Shifting views on body image

The media’s definition of “beauty” has changed throughout the years, and this can affect an individual’s body image.

Counseling and Psychological Services held a workshop as part of its Food for Thought series called “Beautiful Me: Body Image Concerns” on Wednesday afternoon at the Student Services Center. Students were invited to discuss and get informative details on body image issues and how to overcome them.

A presentation was shown to attendees with key points varying from eating disorders to improving your outlook on your body image. CAPS doctoral psychology intern Katie Croft Caderao talked to students about the social issue and what can be done to have a healthy body and mind.

“It’s a very important topic, and I think it impacts our entire student population,” Croft Caderao said. “The presentation was a way to encourage people to reflect more about how media influences their body image and find some way to improve upon that.”

Since media is the major impact on body image issues, Croft Caderao showed a video in which an average-size model was Photoshopped not only to a skinnier version but into a whole different person. Psychology senior Joann Ramirez said she feels that media are going too far with their definition of beauty.

“The best way to improve your self-esteem is to throw away your fashion magazines,” Ramirez said. “I think the media is giving us, the average American person, the wrong ideal body of both the woman and the man.”

The attendees also discussed the fact that women are not the only gender dealing with their body image. As some women tend to think that being thin is beautiful, some men are insecure about not being muscular and masculine.

Education junior Claude Webb felt that it was great that this topic was covered, since it’s something that’s not spoken a lot.

“It was informative and gave a different light,” Webb said. “Some guys have the same perspective as women do for their definition of beauty. I think with guys, it’s a little different and harder to approach, but I would definitely give them the same information I gained at this workshop.”

After discussing topics that might affect body image, Croft Caderao also gave key points on how to improve your self-esteem. She advised limiting the time spent in front of the mirror, which would help the individual not look at the negative.

Education post-graduate Leone Mack said she finds it difficult to spend less time in front of a mirror, since she works at a hair salon.
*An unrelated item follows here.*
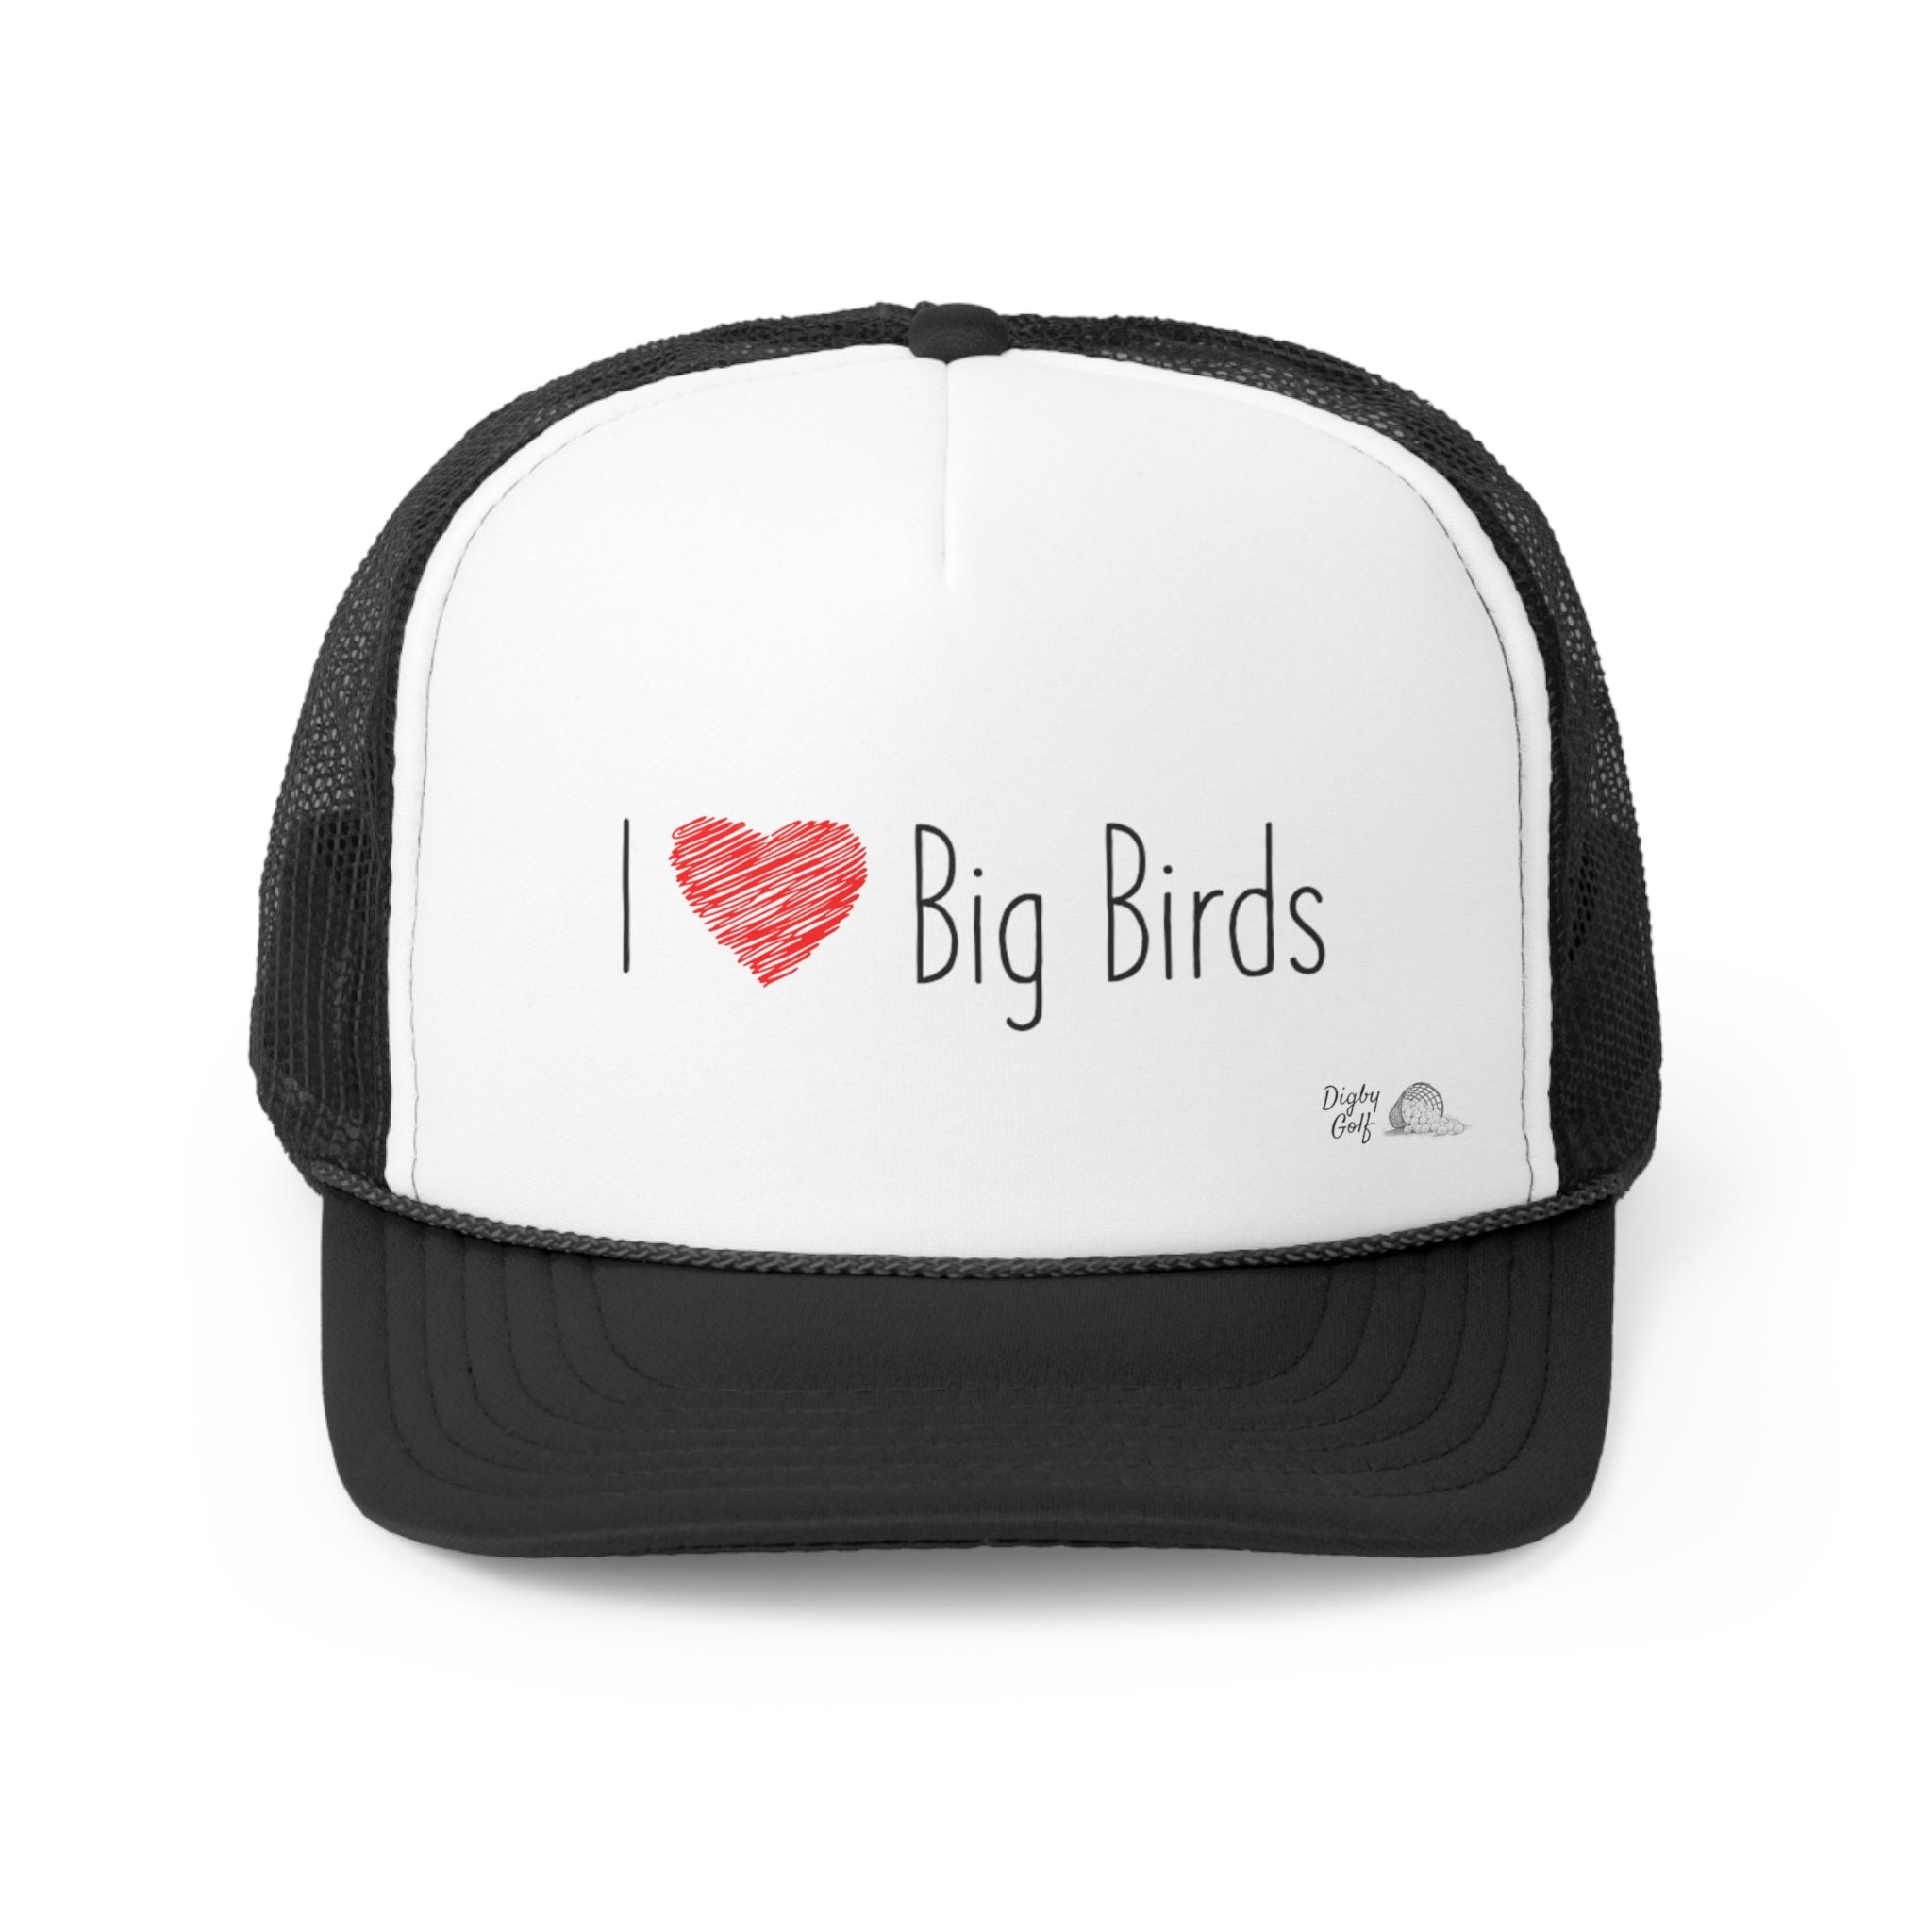 I Love Big Birds Digby Golf Trucker Caps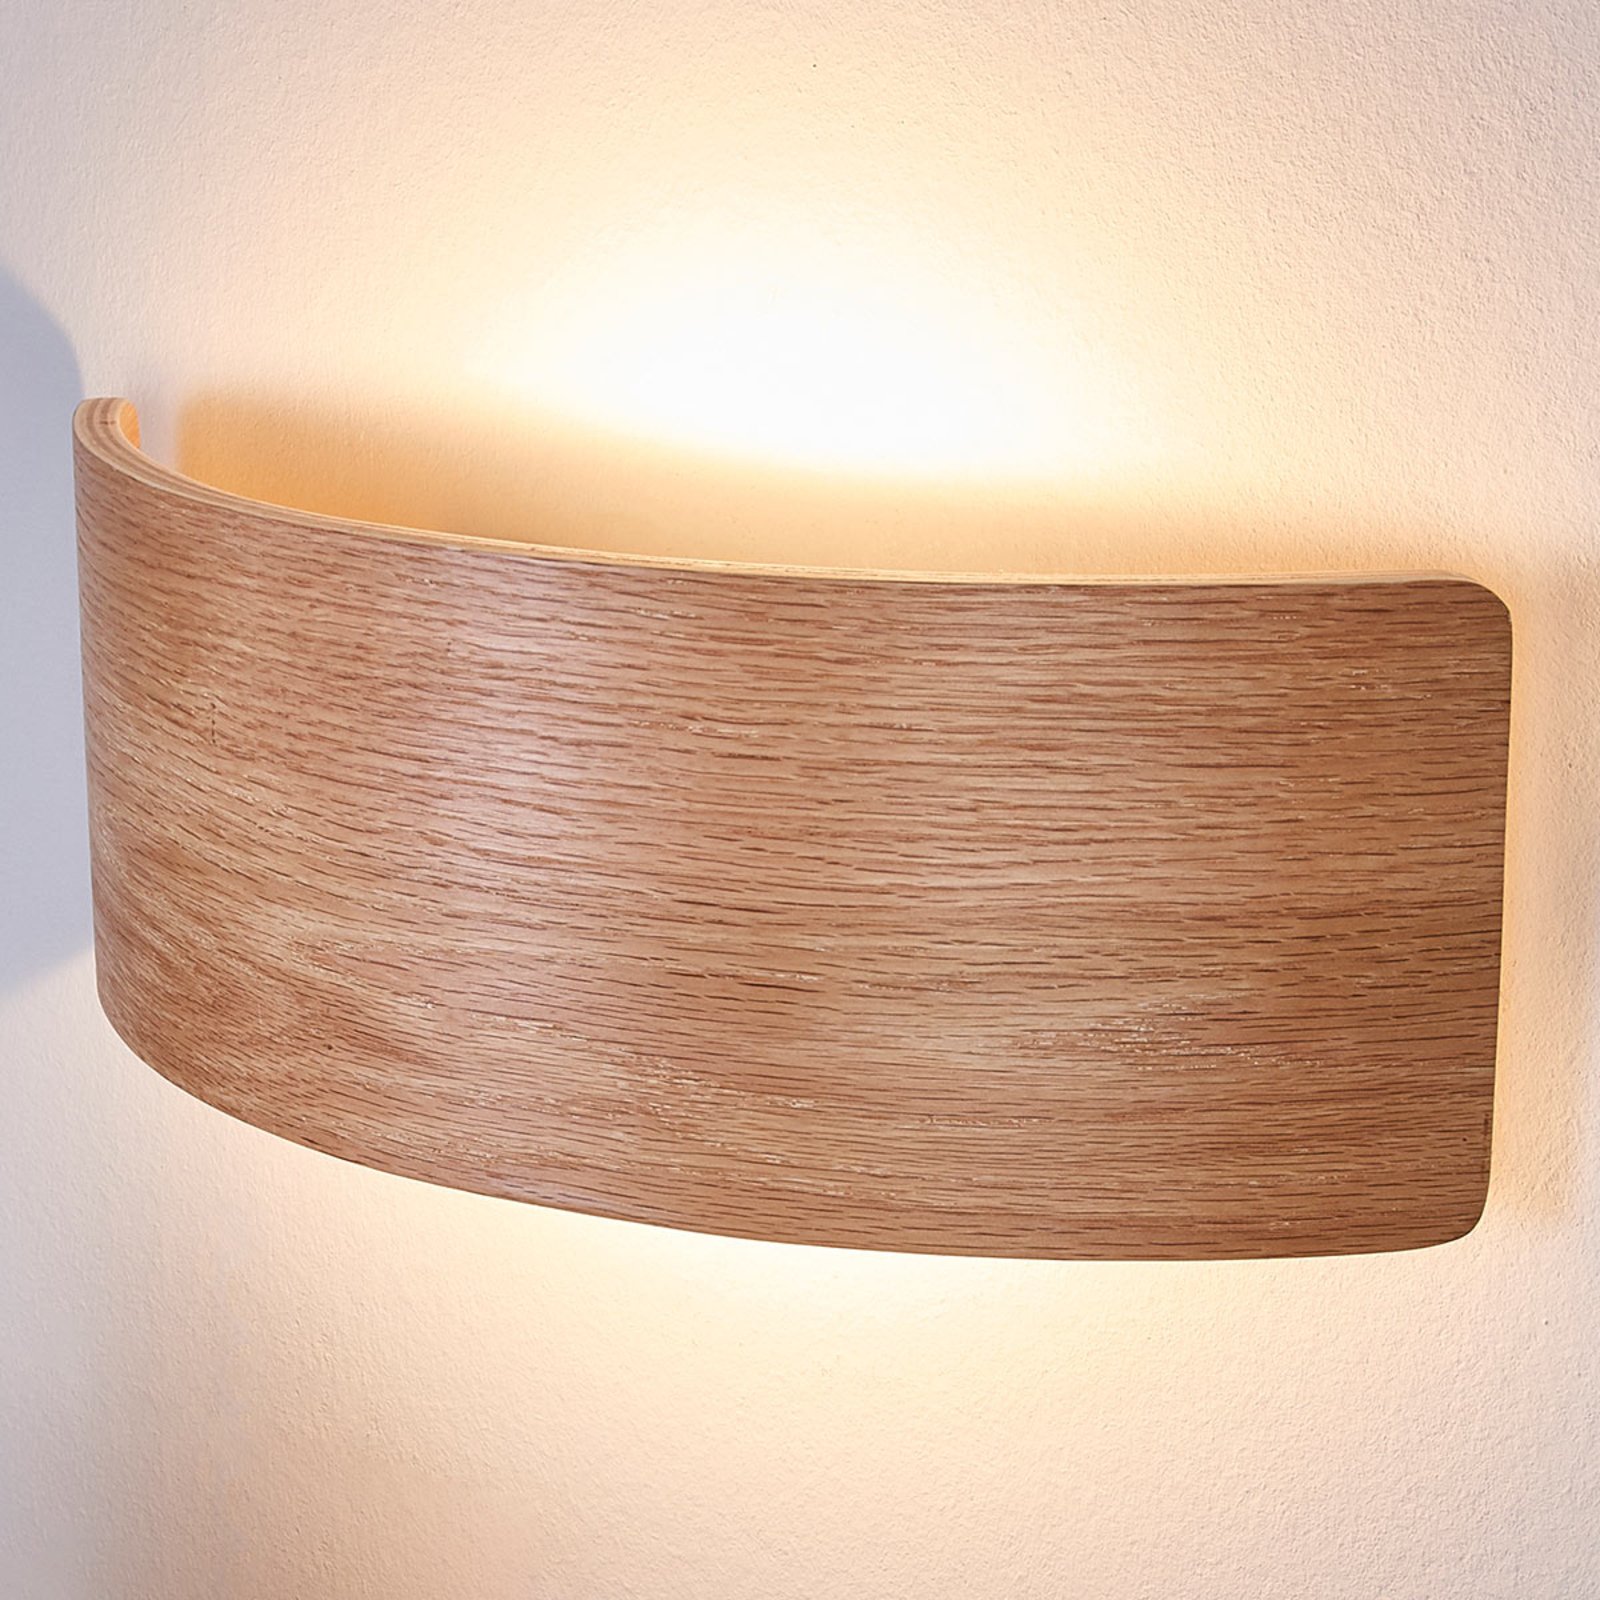 Rafailia LED wall light 33 cm, wood

“I guess every time I look at myself, I’ll point out something more positive rather than a flaw that I’m looking at,” Mack said. “The presentation showed us more positive body image instead of what is on the magazine. We should just be healthy.”

CAPS will also host the National Eating Disorder Screening Day on Feb. 27 at the Campus Recreation and Wellness Center. The event will include a screening, food and a drawing. Students can also participate by taking a “selfie” in any restroom tagged with #loveyourbody.